• **How to complete this task**:
Word for word, restate the data that follows, omitting the images.
Start of Data extract
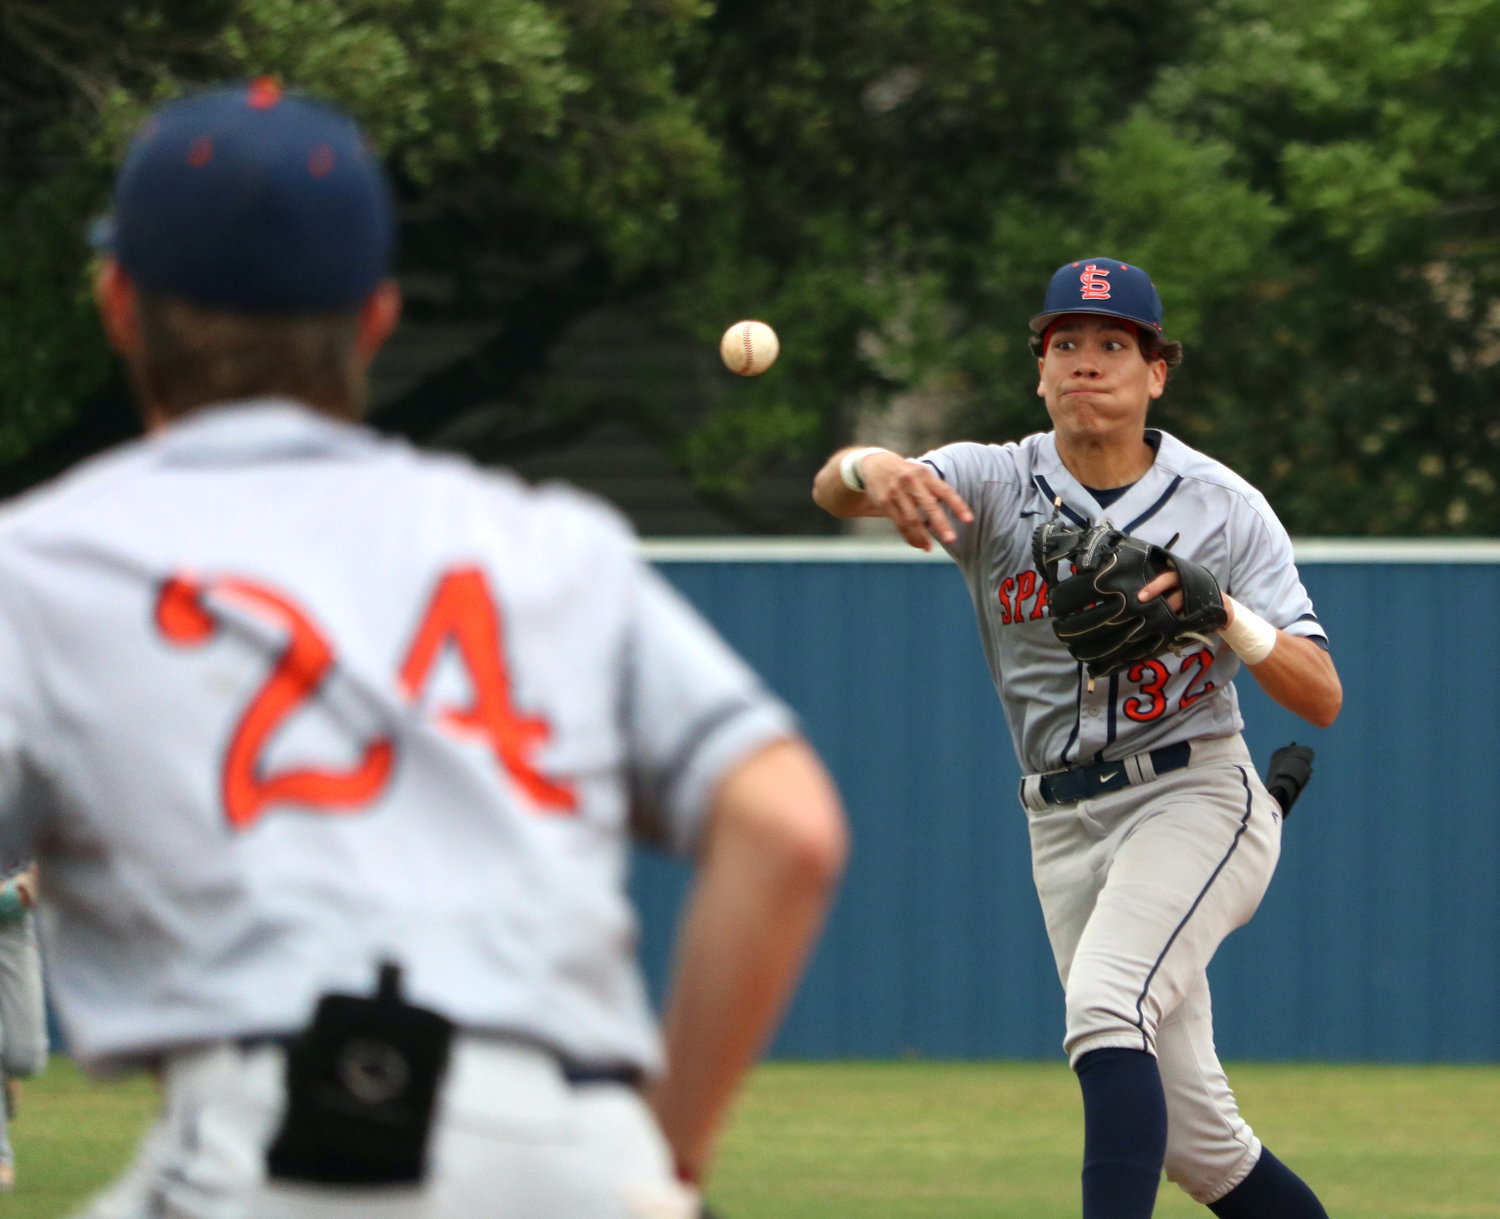 Miguel Acosta throws a ball to first place during Thursday's game between Taylor and Seven Lakes at the Taylor baseball field.
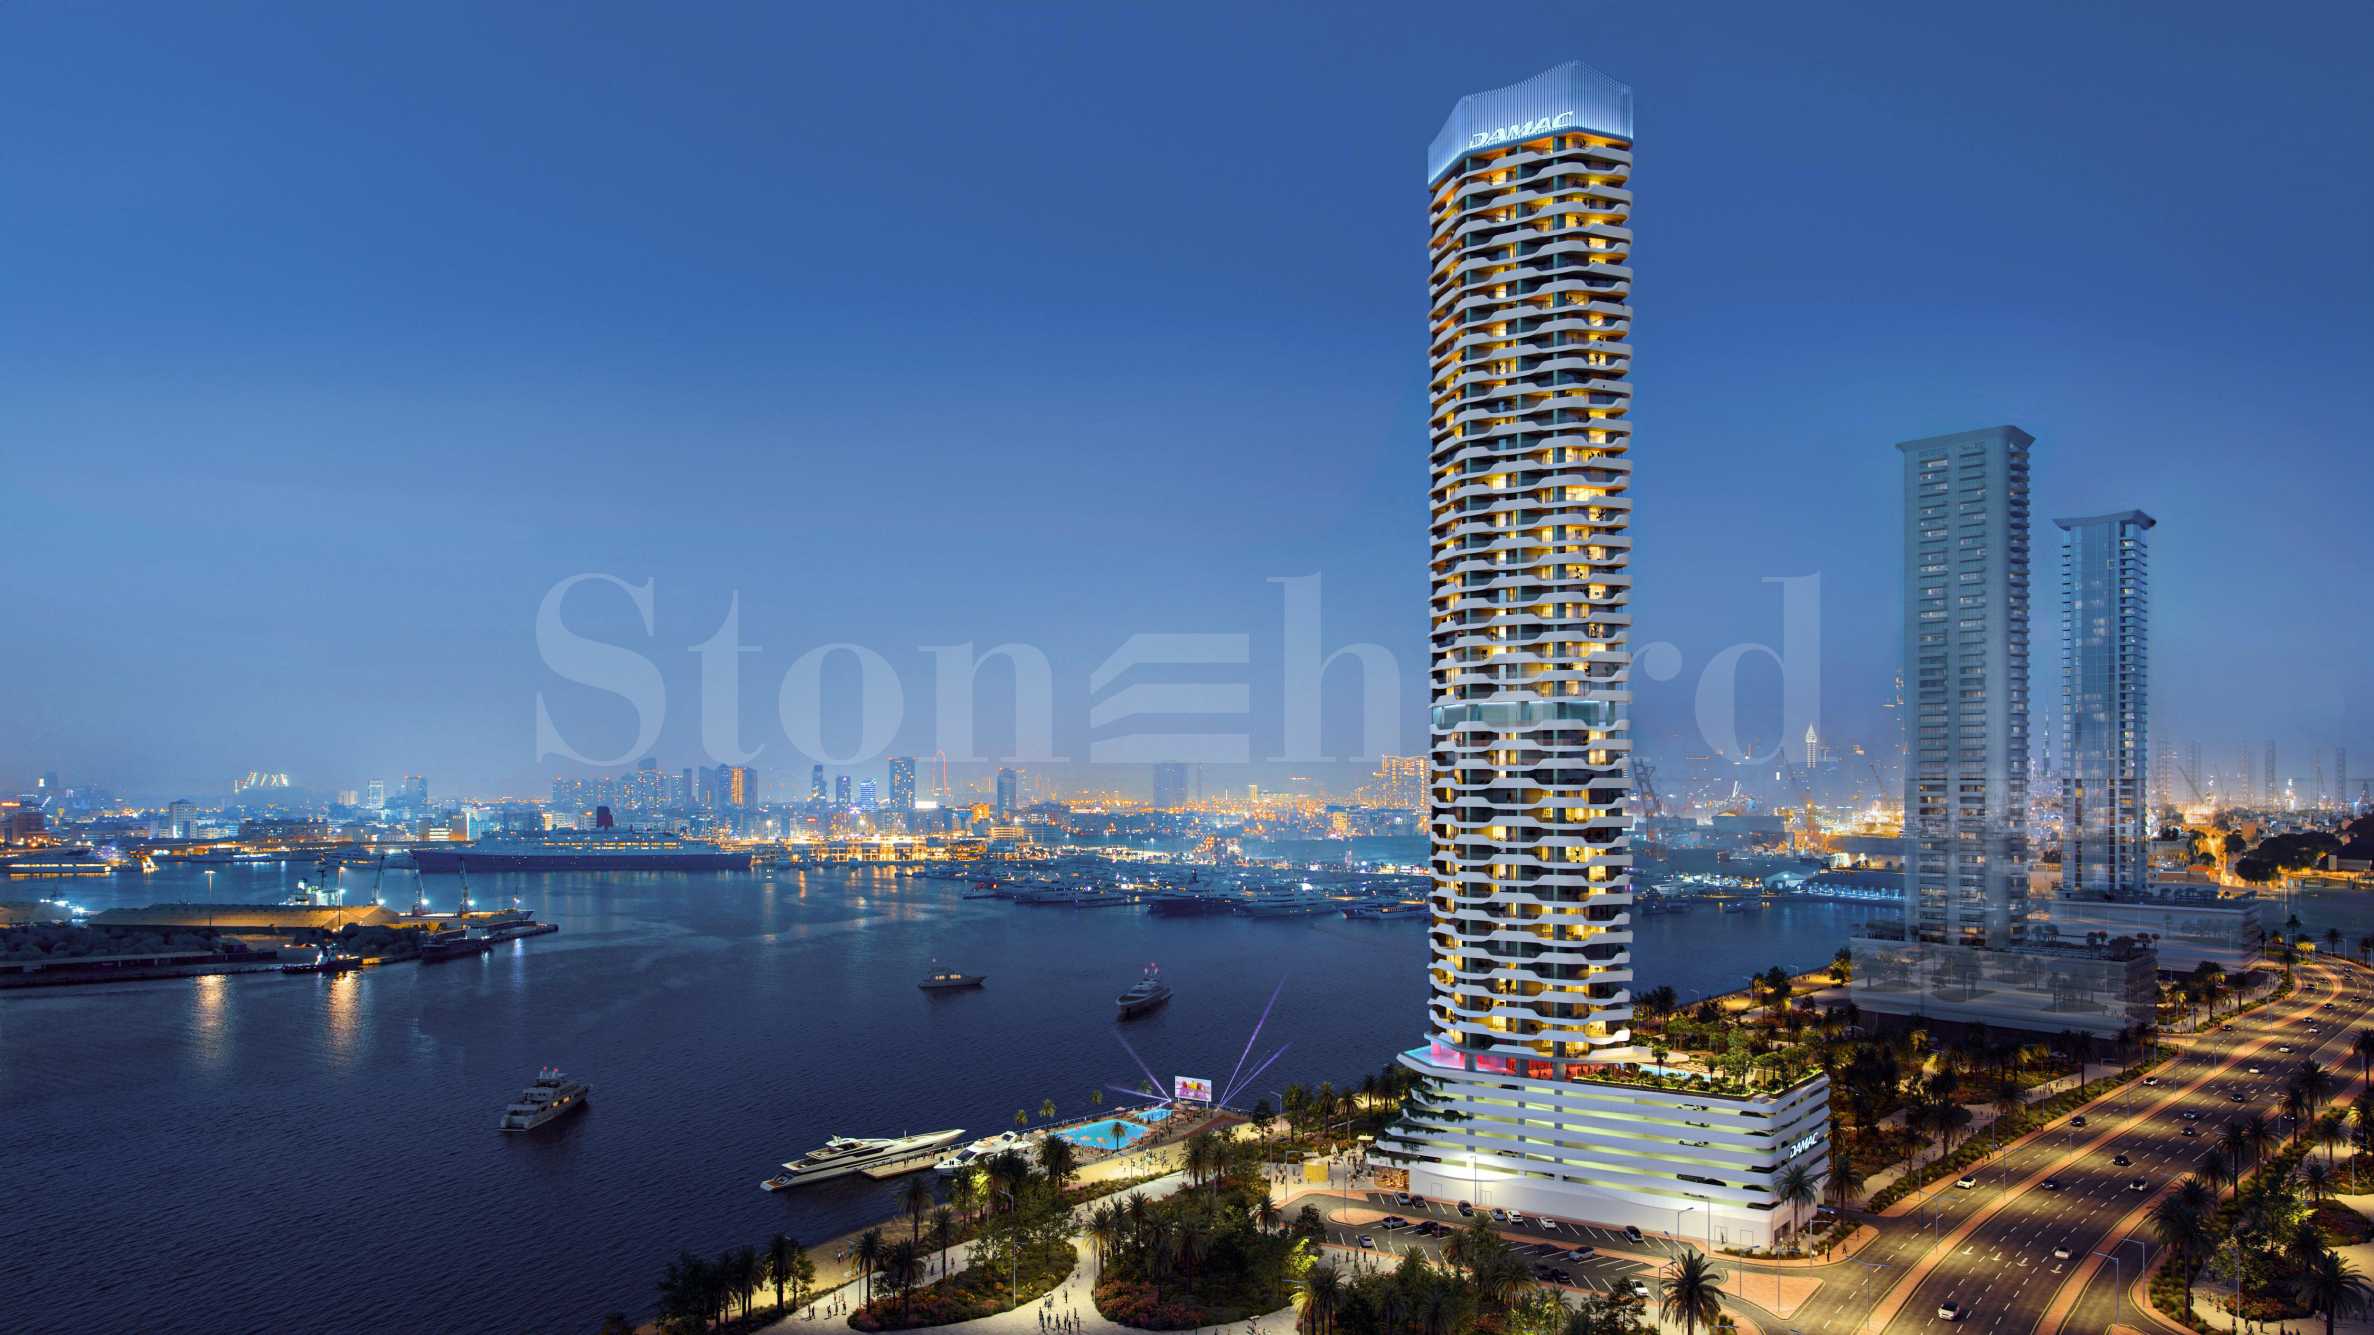 Apartments for sale in Coral Reef, Dubai Maritime City1 - Stonehard
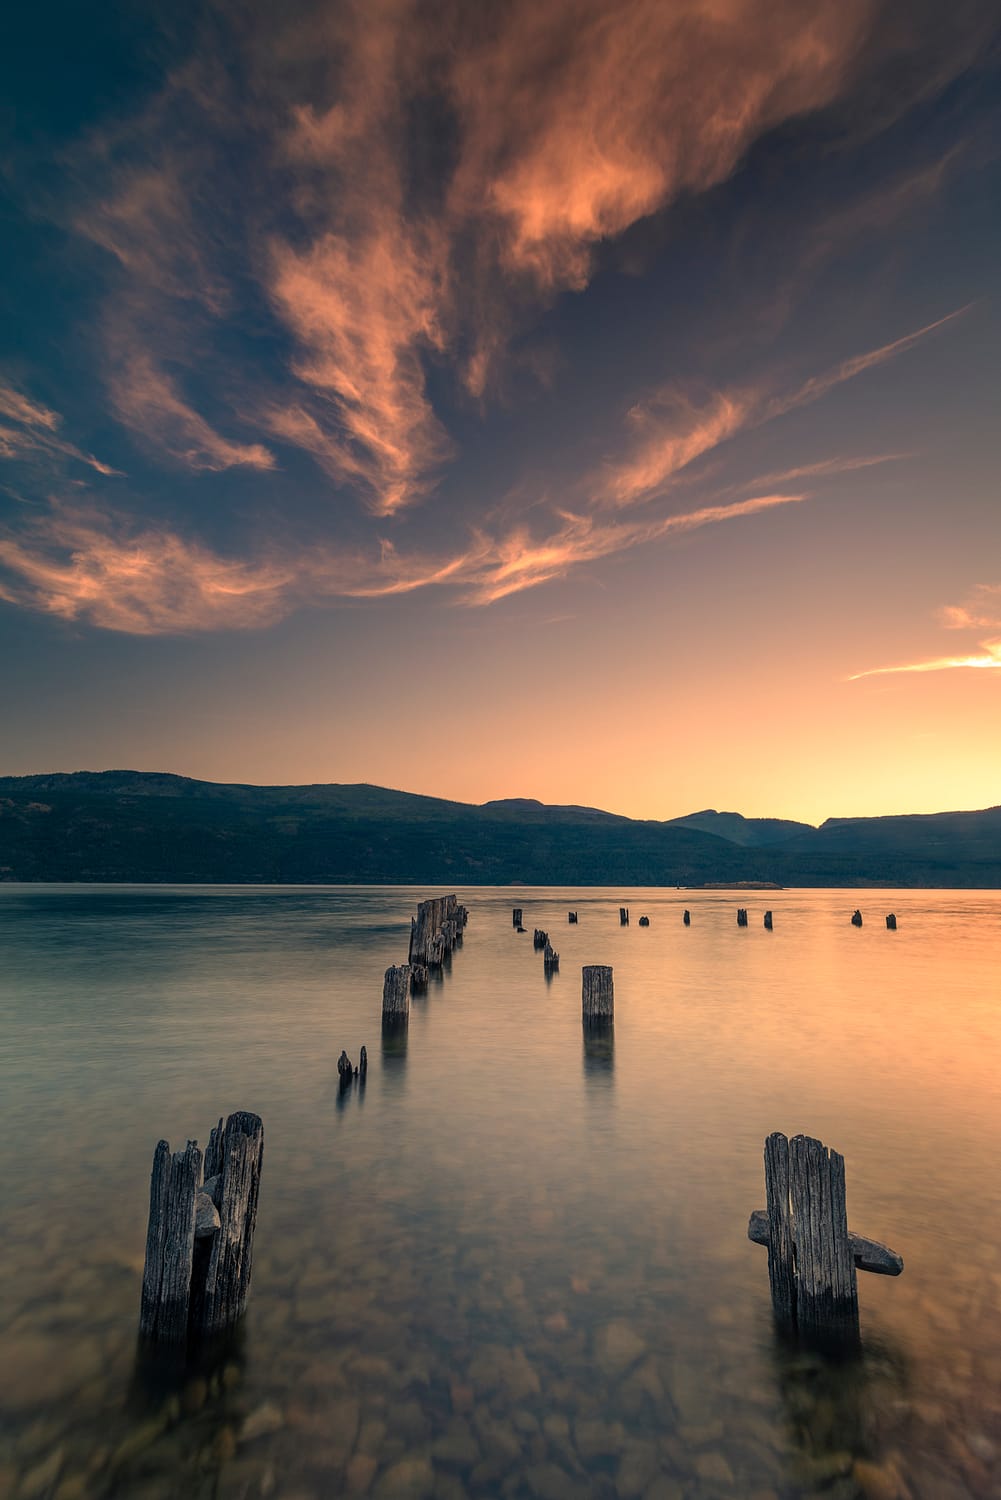 a sunrise over a body of water with rocks and abandoned dock in the foreground
End of Data extract
• **Task result**:
 Miguel Acosta throws a ball to first place during Thursday's game between Taylor and Seven Lakes at the Taylor baseball field.
 Apartments for sale in Coral Reef, Dubai Maritime City1 - Stonehard
 a sunrise over a body of water with rocks and abandoned dock in the foreground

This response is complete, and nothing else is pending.